> [EXERCISE AIM]: What you return must be an exact copy of the lines in the listing below between the line holding "Пример написания шрифтом" and the line holding "Hylsbajonett, stål, Österrikisk", inclusive, and nothing more.

> [DATA LISTING]:
###

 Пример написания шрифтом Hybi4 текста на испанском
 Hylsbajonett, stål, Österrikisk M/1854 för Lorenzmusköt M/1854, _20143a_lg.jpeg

###

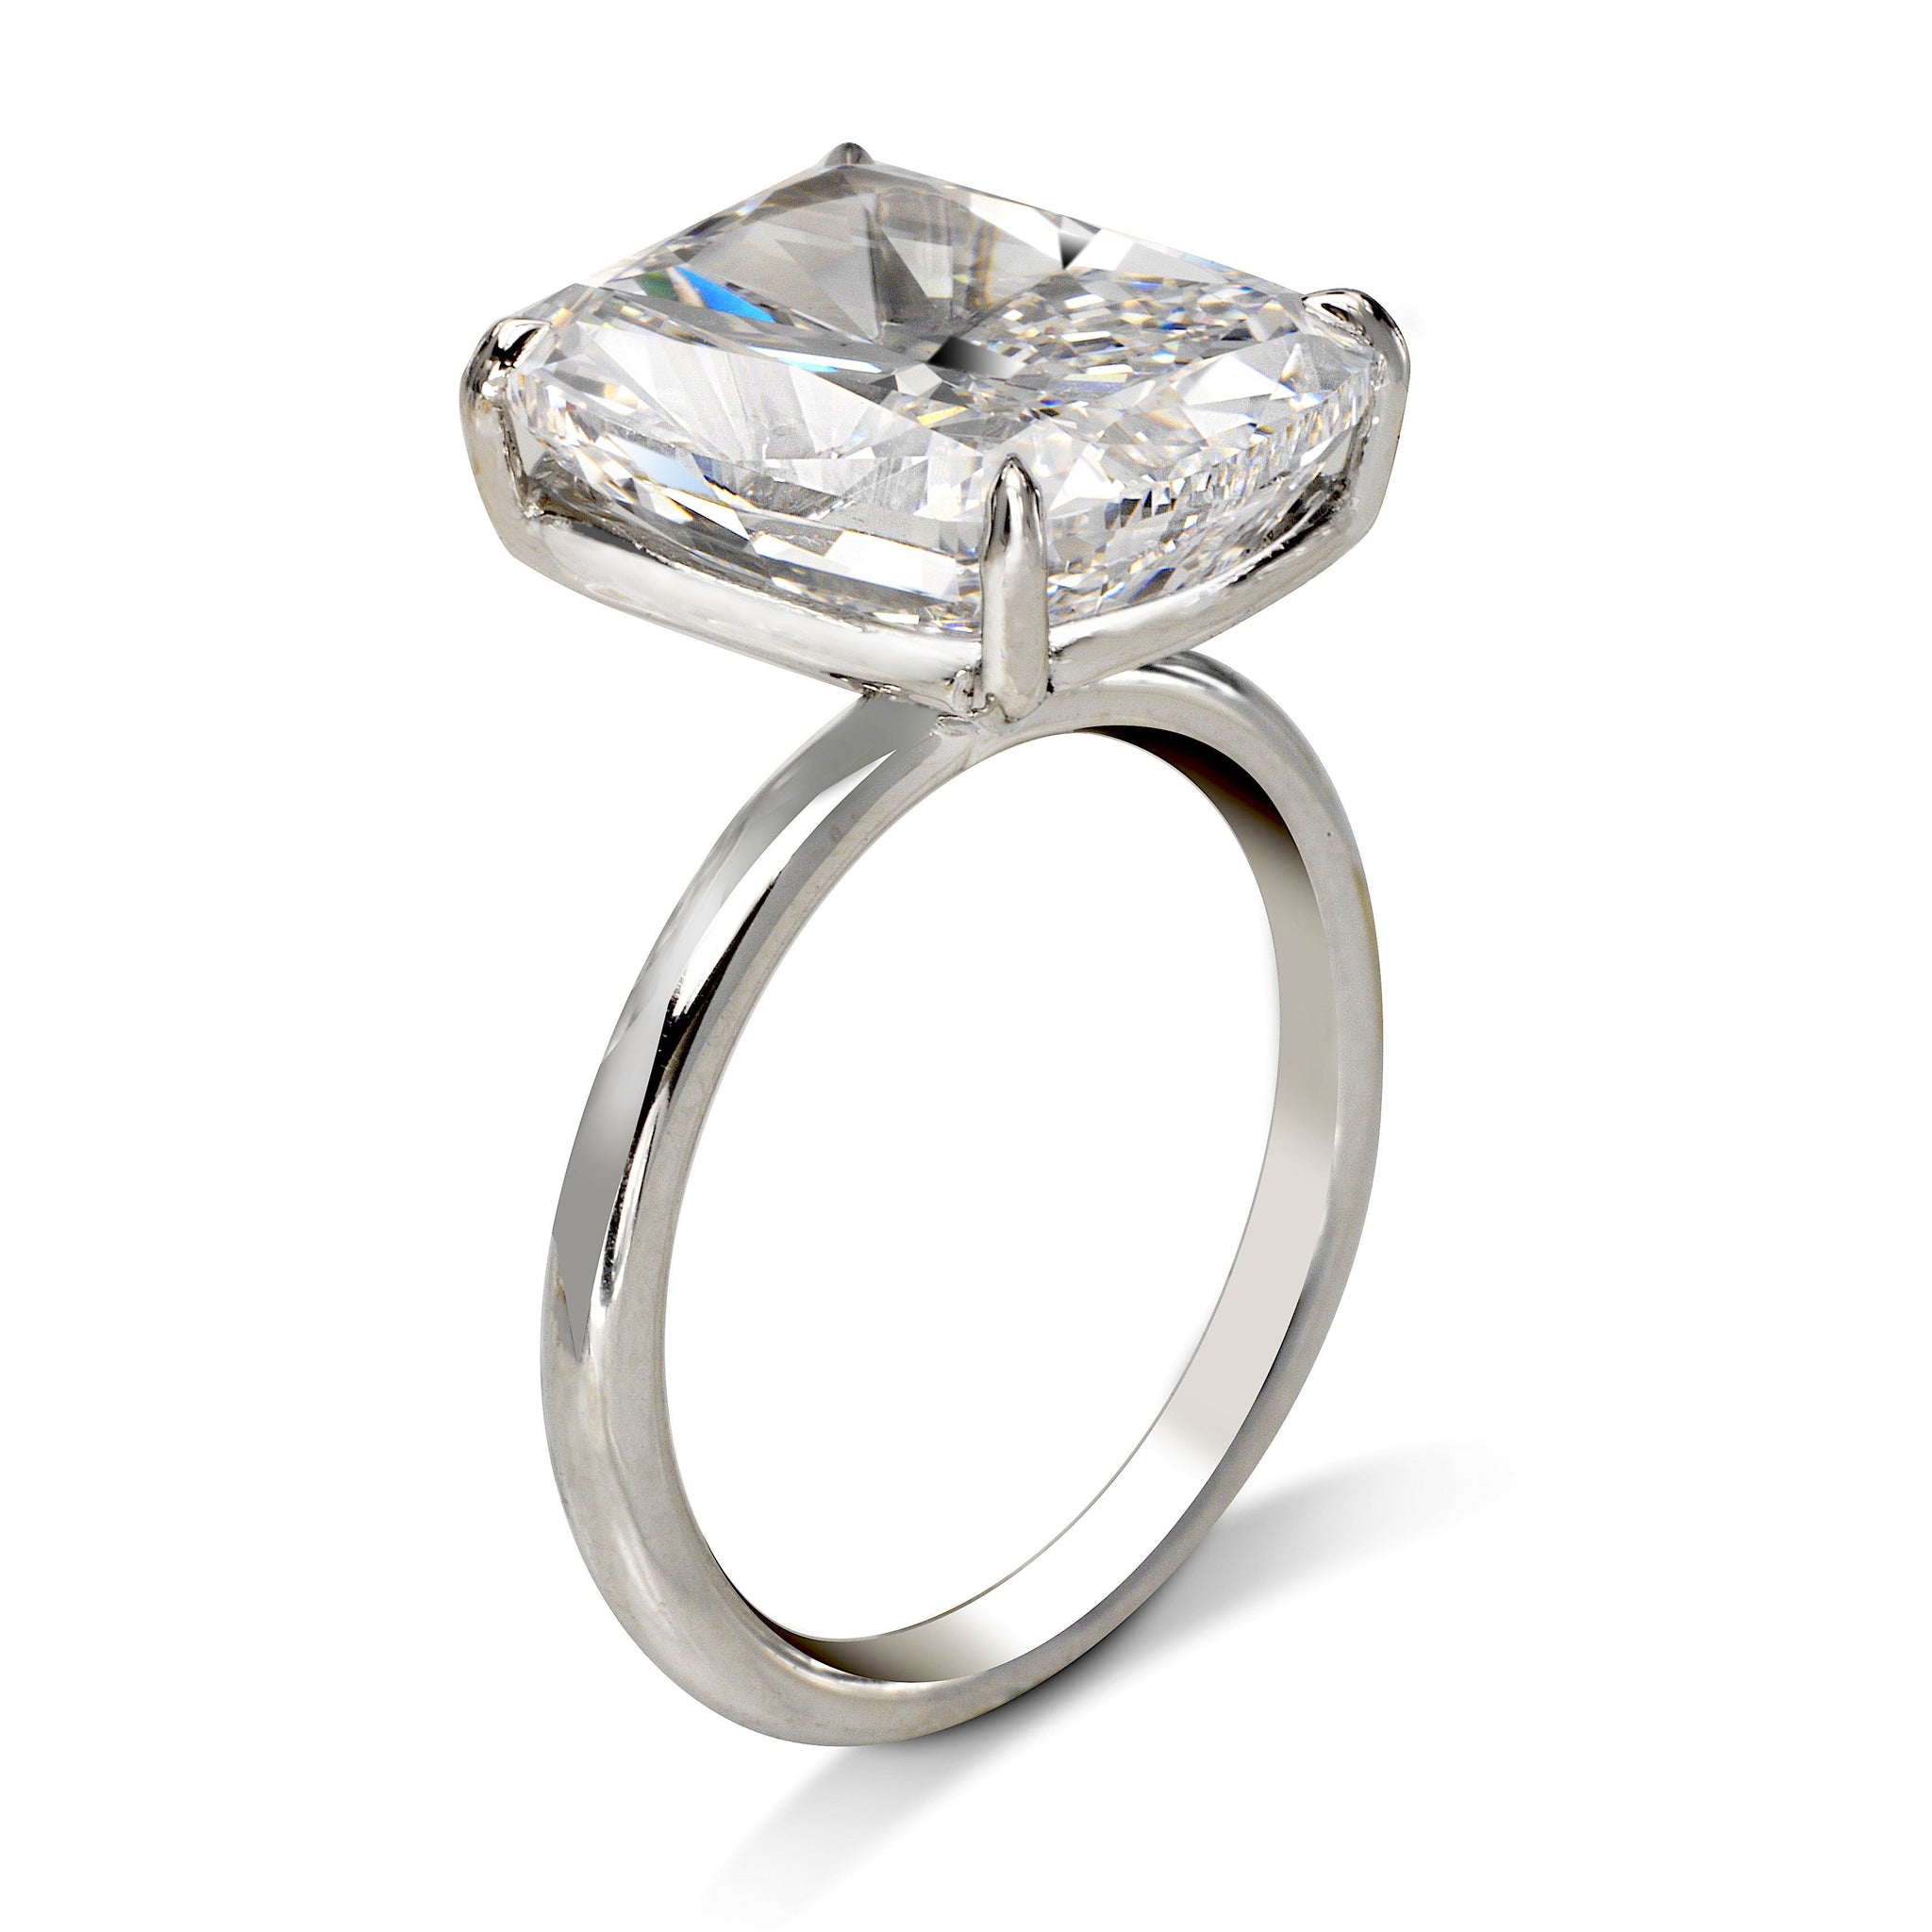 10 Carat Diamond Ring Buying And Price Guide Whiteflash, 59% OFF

###

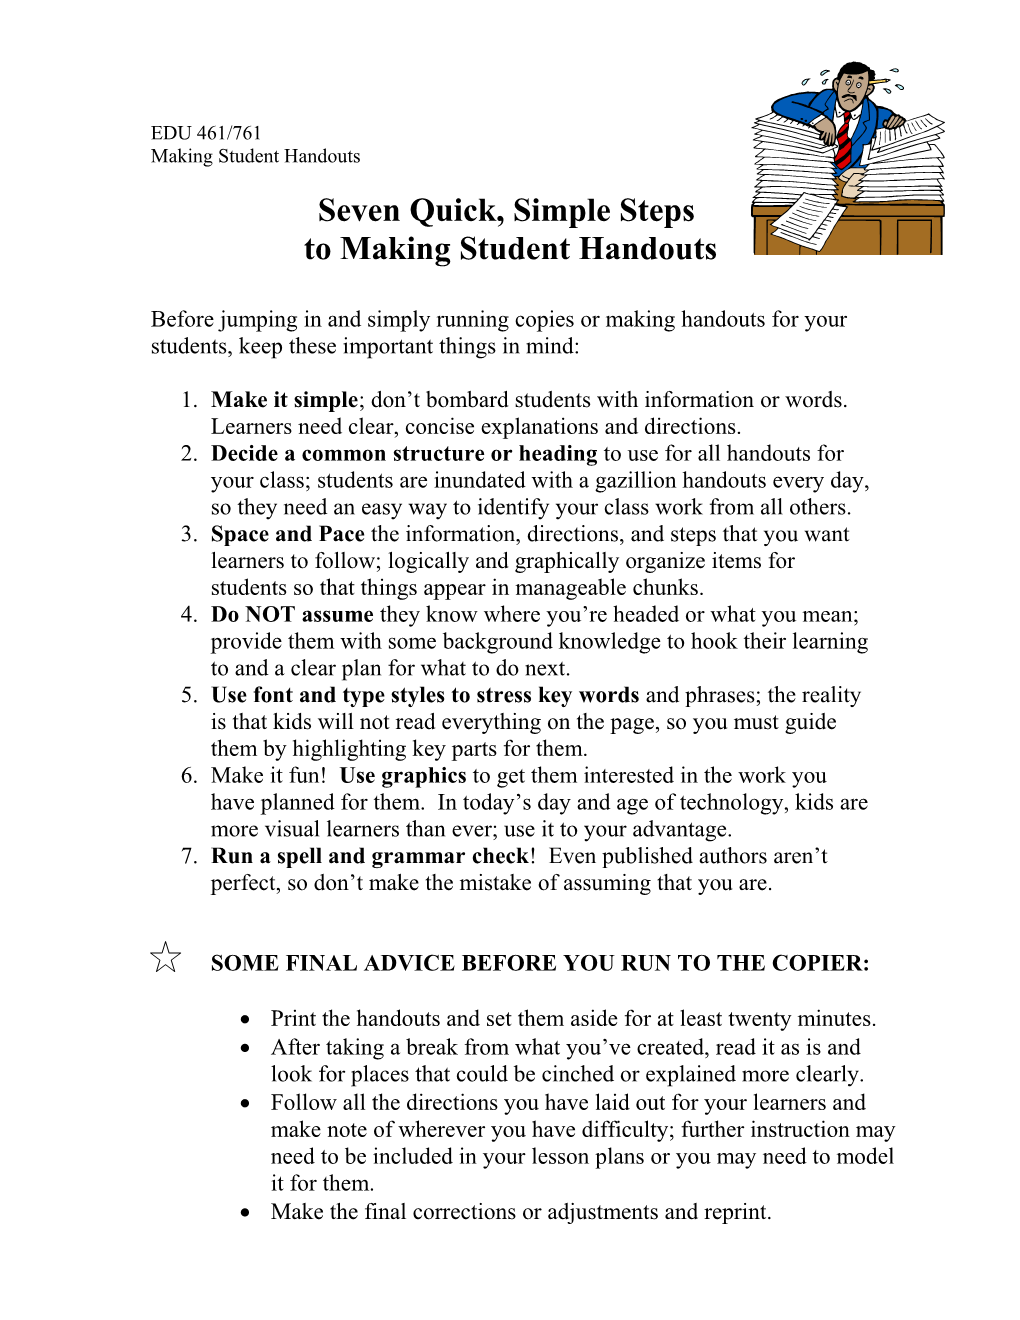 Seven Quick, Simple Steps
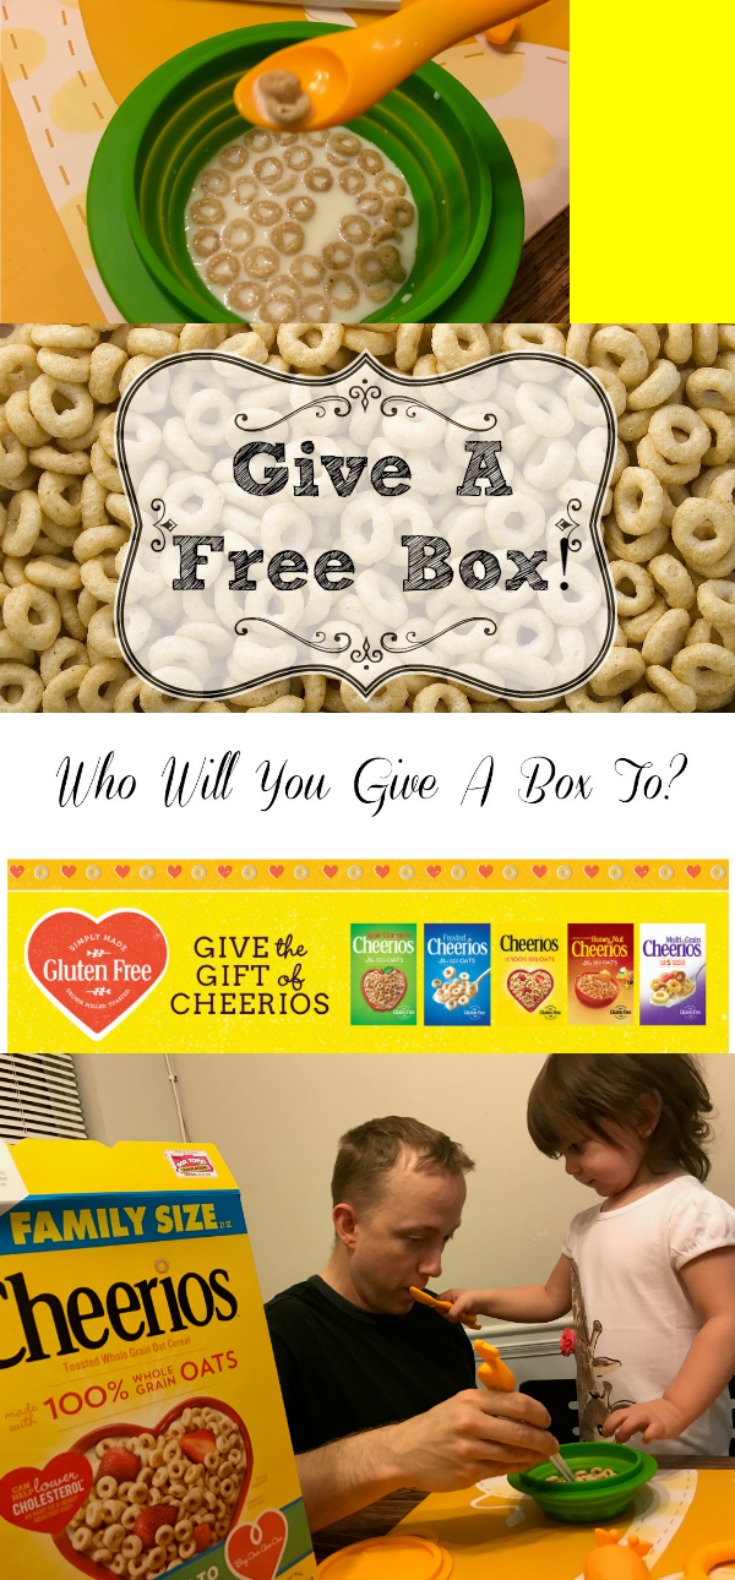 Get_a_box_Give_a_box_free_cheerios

###

> [EXERCISE OUTPUT]:
 Пример написания шрифтом Hybi4 текста на испанском
 Hylsbajonett, stål, Österrikisk M/1854 för Lorenzmusköt M/1854, _20143a_lg.jpeg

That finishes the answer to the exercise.